The Botswana-born entrepreneur notes that while the shift towards the adoption of EVs seems to be the best solution to reducing CO2 emissions, another problem is created, shifting the problem from one side of the spectrum to the other, without tangible results.

In an African context, Otisitswe points out that most African countries have fossil fuel power grids, from which most EV users still source their energy.

EVs will also have a direct impact on lithium consumption, which is a key ingredient in many battery technologies. However, the mining of some critical minerals, which includes lithium, in Africa is worrisome, owing to the prevalent use of child labour, cheap labour and conflict financing through illegitimate mines.

“We can no longer speak about blood diamonds alone, but [about] blood lithium as well.
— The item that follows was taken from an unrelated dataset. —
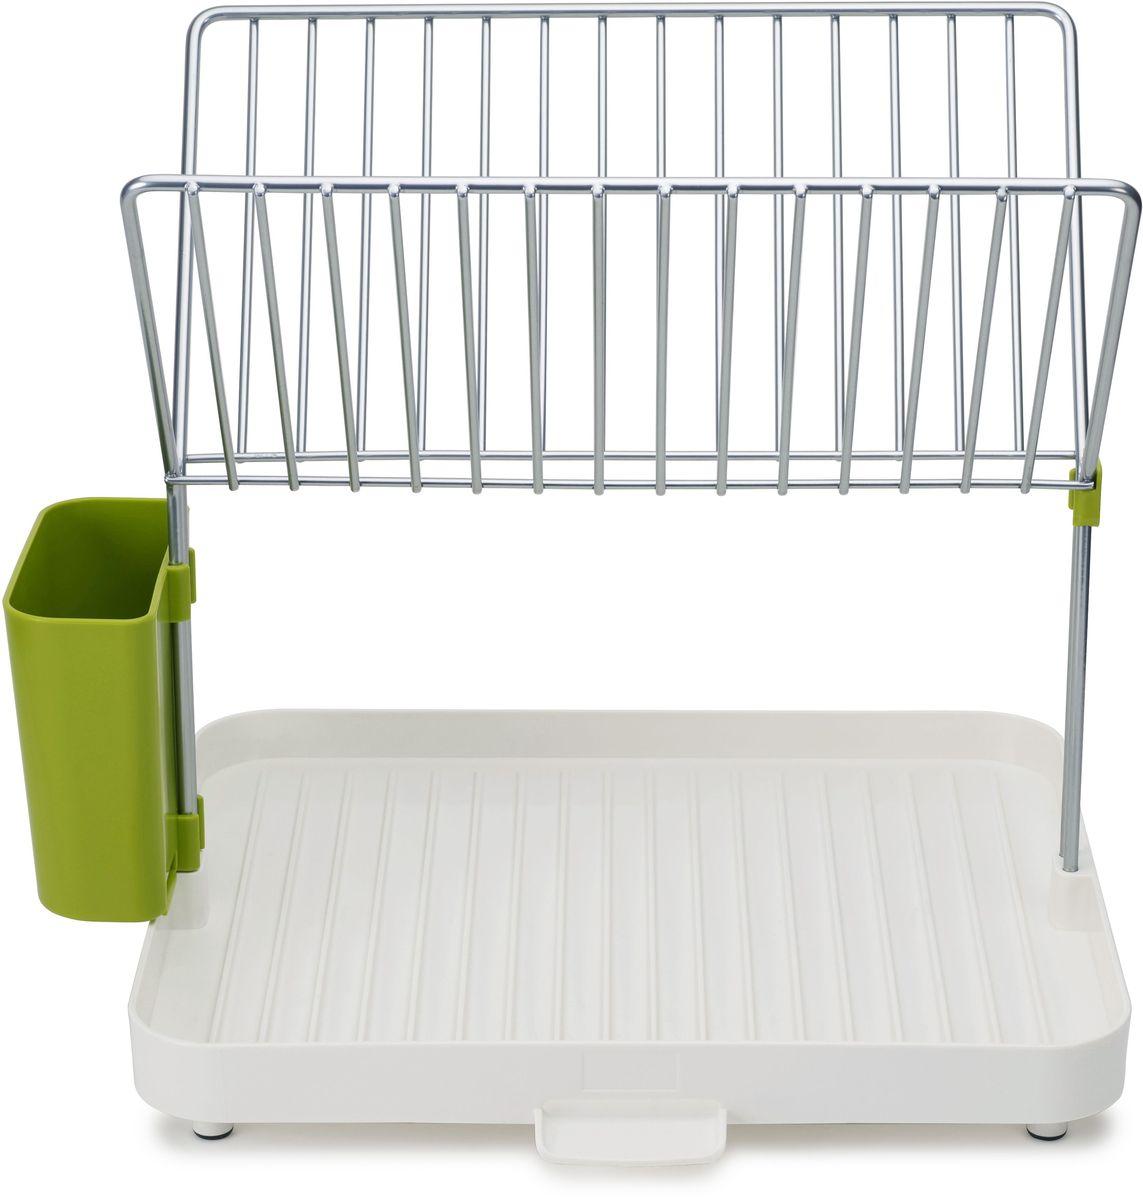 Сушилка для посуды и столовых приборов Joseph Joseph Y-rack, 2-уровневая, со сливом, 36,5 х 30,4 х 28,2 смVT-1520(SR)Сушилка для посуды и столовых приборов Joseph Joseph Y-rack- эргономичная сушилка для посуды, позволяющая сэкономить место на кухне. Двухуровневая конструкция состоит из устойчивого основания для кастрюль, сковородок и чашек и из верхней решетки, вмещающей до 15 тарелок и блюдец. Объемное отделение со сливом предоставляет возможность тщательно осушить до 4 комплектов посуды — и все это на минимальном участке пространства. Вода свободно стекает по желобкам, расположенным у основания под наклоном, а встроенный носик позволяет быстро сливать жидкость прямо в раковину. Нескользящие ножки обеспечивают устойчивость. Конструкция разбирается на части для легкой очистки.Инструкции по сборке идут в комплекте.

There are various problems that people don't really look at; they only look at a specific area and think that is what being sustainable is,” Otisitswe adds.

He believes it is also essential for companies to consider what happens to a product post-use, especially regarding the life cycle of EVs.

When Otisitswe established Impulse International in the Netherlands in 2019 he had hopes of changing people’s perspective about being sustainable, noting that while living in Botswana and South Africa he experienced water shortages and power cuts and he wanted to be instrumental in bringing about solutions.

He has hopes to return to Africa in five years’ time to apply the knowledge he gains in Europe, as well as introduce the company’s offerings to the African mining market.

In this way, he plans to help companies quantify their CO2 emissions to reduce them and assist with mitigation measures.

Impulse International’s “weten meten” philosophy – meaning “measuring is knowing” in Dutch – strongly focuses on measuring CO2 emissions to ensure that sustainability is successfully achieved through accurate calculations.

Otisitswe says in creating Impulse International’s framework, the firm is able to identify carbon-intensive hot spots and help customers reduce CO2 emissions by analysing every regulation and providing compliance advice.

There are hotspots with companies and they can be identified along various points in the supply chain


Through customised life-cycle analysis (LCA), Impulse International conducts research on regulations and compiles interactive reports that enable employees and customers to better understand the level of their CO2 emissions.

Big companies cannot ignore sustainability anymore, as the negative impacts of not embracing sustainability measures are becoming more evident, says Otisitswe.